Die sich aus 9 Gattungen und 35 Arten zusammensetzende Familie besteht aus kleinen farbigen Vertretern, die mit Vorliebe ruhig auf exponierten Korallenköpfen sitzen. Das hat ihnen auch den Namen Korallenwächter eingetragen. Fast regungslos lauern sie auf vorbeischwimmende Beute, wobei sie sich auf ihren kräftigen Brustflossen abstützen. Dank ihrer guten, dem Lebensraum angepassten farblichen Tarnung verschmelzen sie optisch fast mit dem Riff. Schwimmen hingegen Jungfische, Garnelen oder Kleinkrebse vorbei, so schnellen die Büschelbarsche pfeilschnell vorwärts und überrumpeln ihr Opfer. Zwar verfügen sie über keine Schwimmblase und sind deshalb bodengebundene Riffbewohner, die eher selten und gegebenenfalls lediglich kurze Strecken schwimmen. In ihrem Kleinst-Revier lieben sie es allerdings, öfters den Sitz- und Beobachtungsplatz zu wechseln. Lediglich der weniger Substrat-gebundene Gabelschwanz-Büschelbarsch bildet eine Ausnahme. Er schwimmt bei der Nahrungssuche oft zusammen mit Fahnenbarschen und wird denn auch prompt mit ihnen verwechselt.

Charakteristische Flossenanhängsel („Cirrhi“)

Den Namen haben die Büschelbarsche von ihrer unverwechselbaren Eigenart, den mehr oder weniger ausgeprägten, fransenartigen Büscheln an ihren Rückenflossen. Die meisten Korallenwächter wirken wegen ihrer eher gedrungenen Gestalt wie Mini-Zackenbarsche, vom Familien-untypischen Langnasen-Büschelbarsch einmal abgesehen.
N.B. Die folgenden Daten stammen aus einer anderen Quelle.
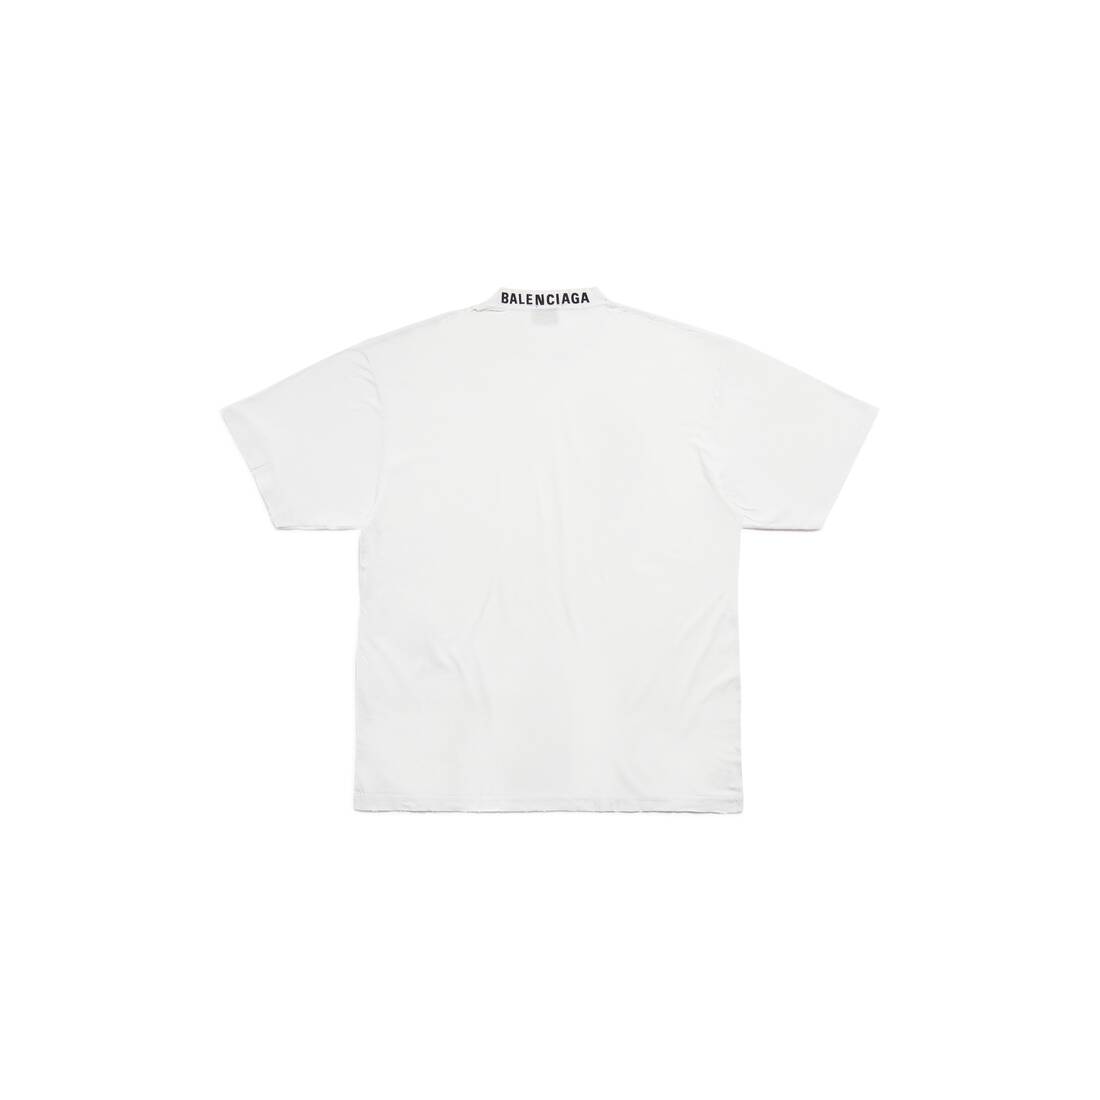 Balenciaga T-shirt Medium Fit in White | Balenciaga US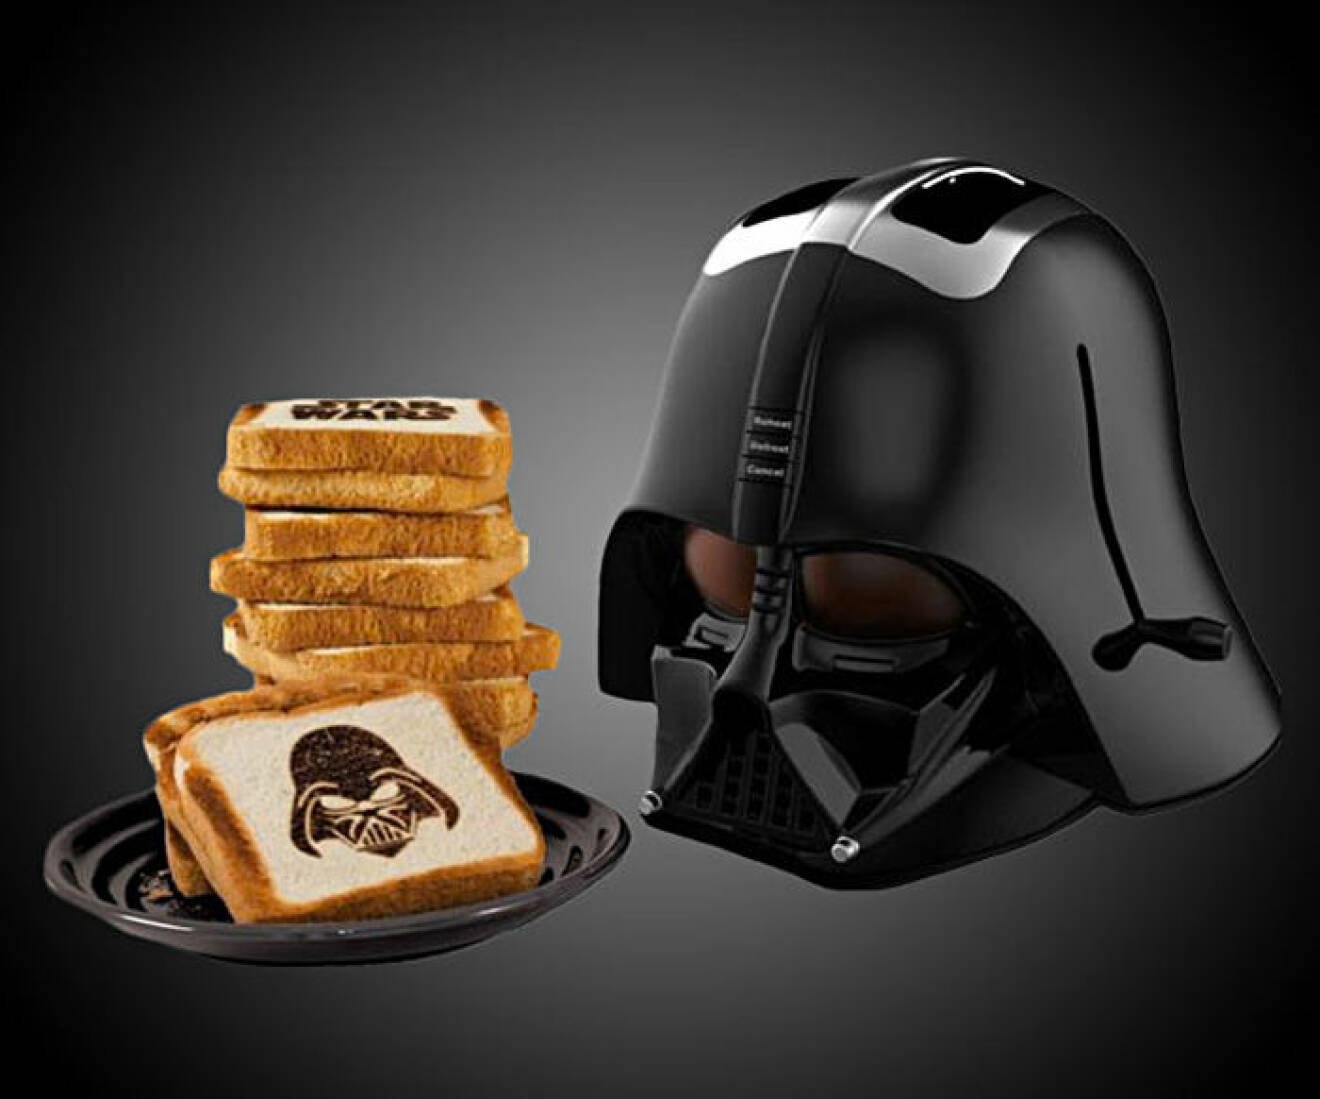 Star Wars-brödrost med Darth Vader.

Dieser geniesst in Taucherkreisen dank seinem schlanken Körper mit der langen Schnauze und der an ein Schottenmuster erinnernden Zeichnung besondere Beliebtheit. Er wird nur ca. 10 Zentimeter gross und hat seinen Lebensraum üblicherweise in Tiefen zwischen 25 und 100 Metern, wo er sich vorzugsweise in Gorgonienfächern oder Schwarzen Korallen aufhält.

Interessanter Geschlechtswechsel

Geschlechtsspezifische Farbunterschiede existieren bei den Büschelbarschen nicht. Nach heutigem Kenntnisstand sind sie alle Zwitter, die zuerst als Weibchen geschlechtsreif werden. Sofern es die Umstände erfordern, können sie später ihr Geschlecht umwandeln. Die Männchen ihrerseits bilden zuweilen mit mehreren Weibchen einen Harem und bewachen diesen mit der gebührenden Aufmerksamkeit. Der Langnasen-Büschelbarsch lebt unter bestimmten Voraussetzungen auch in flacheren Riffbereichen und dies ab und zu auch paarweise.

Variables Farbenkleid

Büschelbarsche können ihr Farbenkleid ihrem bevorzugten Lebensraum bzw. der Färbung ihrer Wirtskoralle anpassen. Dies erschwert sowohl die Beschreibung der einzelnen Arten wegen der doch stark variablen Zeichnung innerhalb der gleichen Art als auch die Bestimmung durch uns Taucher bei den Begegnungen.
Besonders ausgeprägt findet man die bei den Korallenwächtern typischen haarähnlichen Hautanhängsel an den Rückenflossenstacheln beim Zwerg-, beim Fadenflossen- oder beim Gefleckten Büschelbarsch. Dem fotografierenden Taucher gelingen – ruhiges, fast unmerkliches Annähern an die Büschelbarsche vorausgesetzt – besonders attraktive Aufnahmen, wenn sich die charakteristischen Büschel vor dunklem Hintergrund abbilden lassen. Vor den Preis haben jedoch in diesem Falle die Götter ganz klar die Geduld gesetzt.